The Canon decision and gun-jumping under the Irish merger control rules
Last month in Canon v Commission (Case T-609/19), the EU's General Court upheld the European Commission's €28m fine on Canon in 2019 for gun-jumping in relation to its two-step acquisition of Toshiba Medical Systems Corporation (TMSC).
Under the EU Merger Regulation (EUMR), parties to a notifiable transaction must: (i) notify the transaction to the European Commission (Commission) before implementation (i.e. the obligation to notify), and (ii) not implement the transaction before it has been approved by the Commission (i.e. the standstill obligation). A breach of these obligations can lead to substantial fines under the EUMR.
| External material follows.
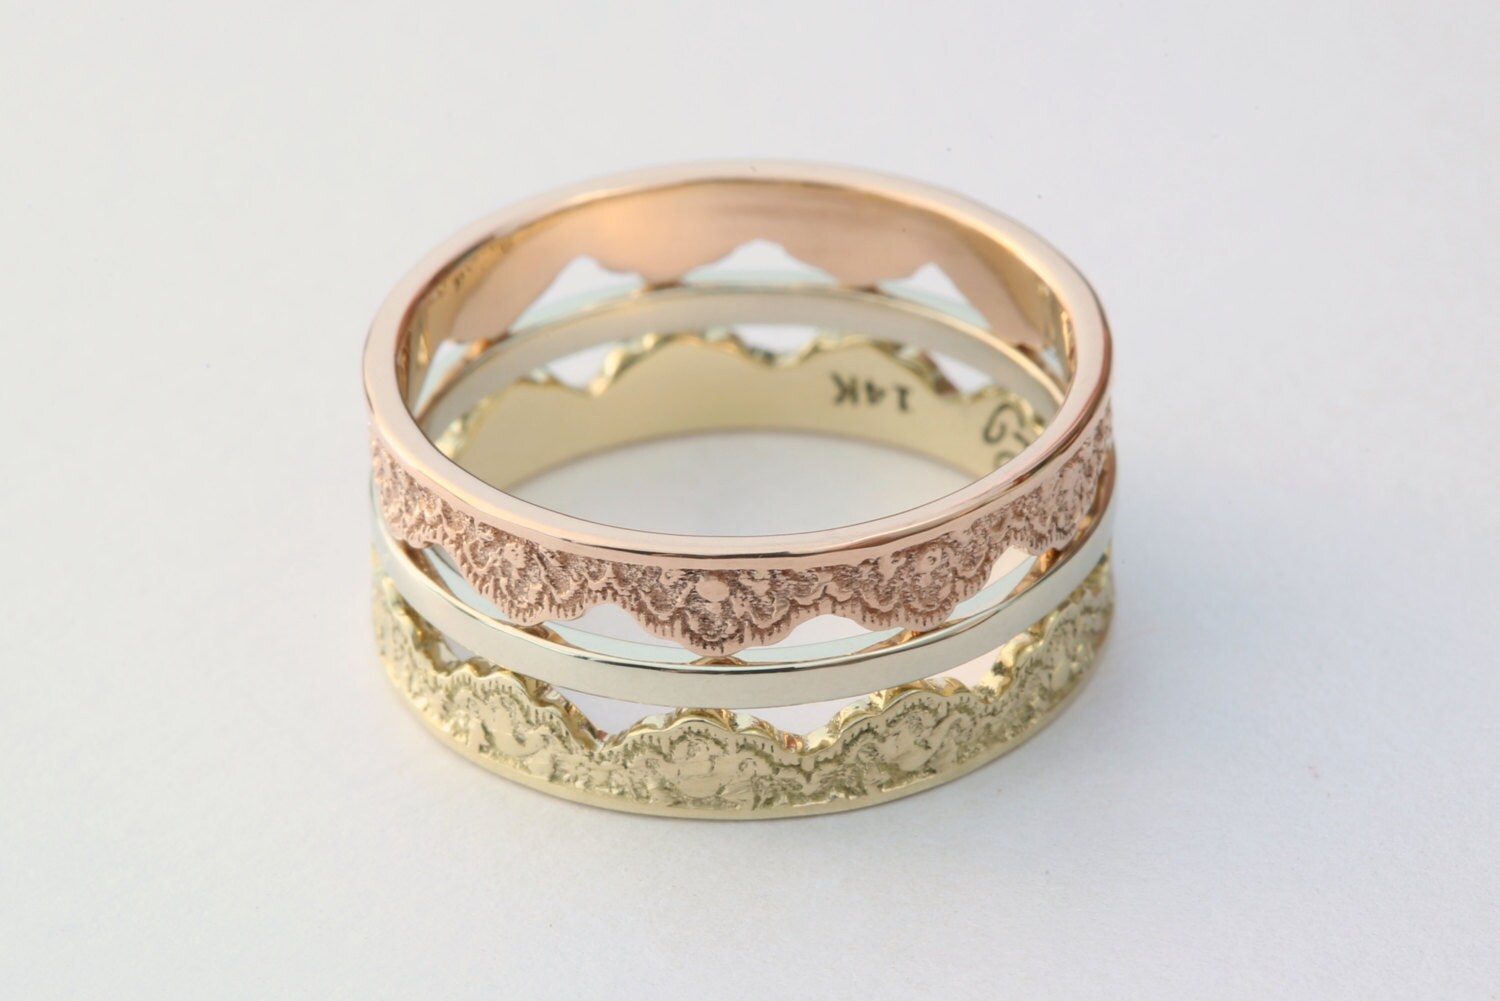 3 Gold Stacking Rings With Lace Pattern Gold Stackable Rings - Etsy

The General Court’s decision (which may yet be appealed) sheds further light on these gun-jumping issues. These include what might constitute premature implementation of a transaction prior to notifying and obtaining Commission approval under the EUMR. In particular even contributions to a change of control in a transaction can constitute gun-jumping.
The decision also provides pointers for the Irish merger control rules on gun-jumping (i.e. contained in the Competition Act 2002 (as amended) (Competition Act)) for multistep transactions. This is particularly noteworthy in light of the more vigorous gun-jumping rules contained in the Competition (Amendment) Bill 2022 (Bill) and which is expected to come into force.